# Okay.  What happened?



## soxmuscle (Dec 20, 2010)

I had a condom on.  My dick started to burn.  I pulled out pronto.  She kept wanting me to fuck her.  i refused because i told her my dick burned.   i dont get it...


----------



## WFC2010 (Dec 20, 2010)

ha ha


----------



## DOMS (Dec 20, 2010)

Assuming that you're not joking...

It could be that you had a reaction to the coating or latex of the condom.  If it's the later, that could be dangerous.


----------



## min0 lee (Dec 20, 2010)

A visual.


----------



## soxmuscle (Dec 20, 2010)

Sort of goofing, but yea, it was probably the condom.  Nothing a little baby powder couldn't take care of...


----------



## min0 lee (Dec 20, 2010)

You must move your hips in and out super fast, it's good to be young.
I once had a puppy who would hyper hump my leg to death.


----------



## REDDOG309 (Dec 20, 2010)

Hmmm.....so you move your hips in and out super fast huh? Won't that make the elmers glue come out?


----------



## tucker01 (Dec 20, 2010)

min0 lee said:


> You must move your hips in and out super fast, it's good to be young.
> I once had a puppy who would hyper hump my leg to death.

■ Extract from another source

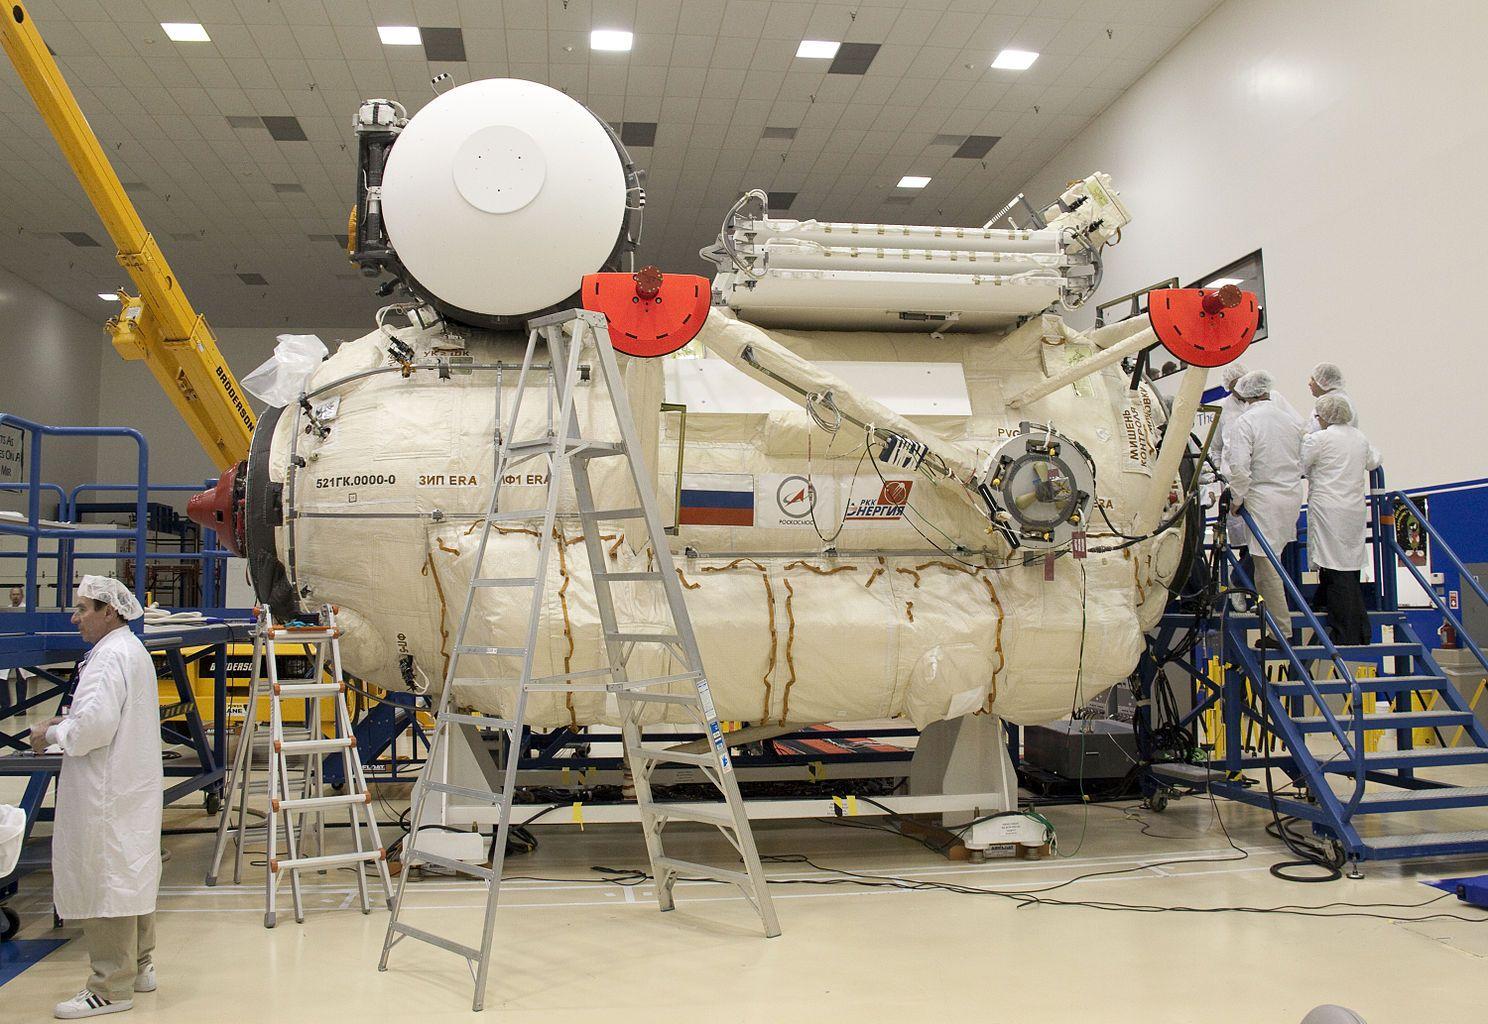 Rassvet Iss Module Iss Space Travel Spacecraft

Did baby powder fix this too?


----------



## min0 lee (Dec 20, 2010)

IainDaniel said:


> Did baby powder fix this too?



Fix it? Naw, I just let the poor dog have his fun.


----------



## MDR (Dec 20, 2010)

Probably just grabbed the icy hot instead of the lube.


----------



## Arnold (Dec 20, 2010)

you need to get extra small condoms, it sounds like the one you were were using was a bit too big and the friction of it moving caused this burning....just kidding.


----------



## soxmuscle (Dec 20, 2010)

Prince said:


> you need to get extra small condoms, it sounds like the one you were were using was a bit too big and the friction of it moving caused this burning....just kidding.



Haha.

See signature.


----------



## soxmuscle (Dec 20, 2010)

MDR said:


> Probably just grabbed the icy hot instead of the lube.



Sex and the dark don't mix.


----------



## DarkHorse (Dec 20, 2010)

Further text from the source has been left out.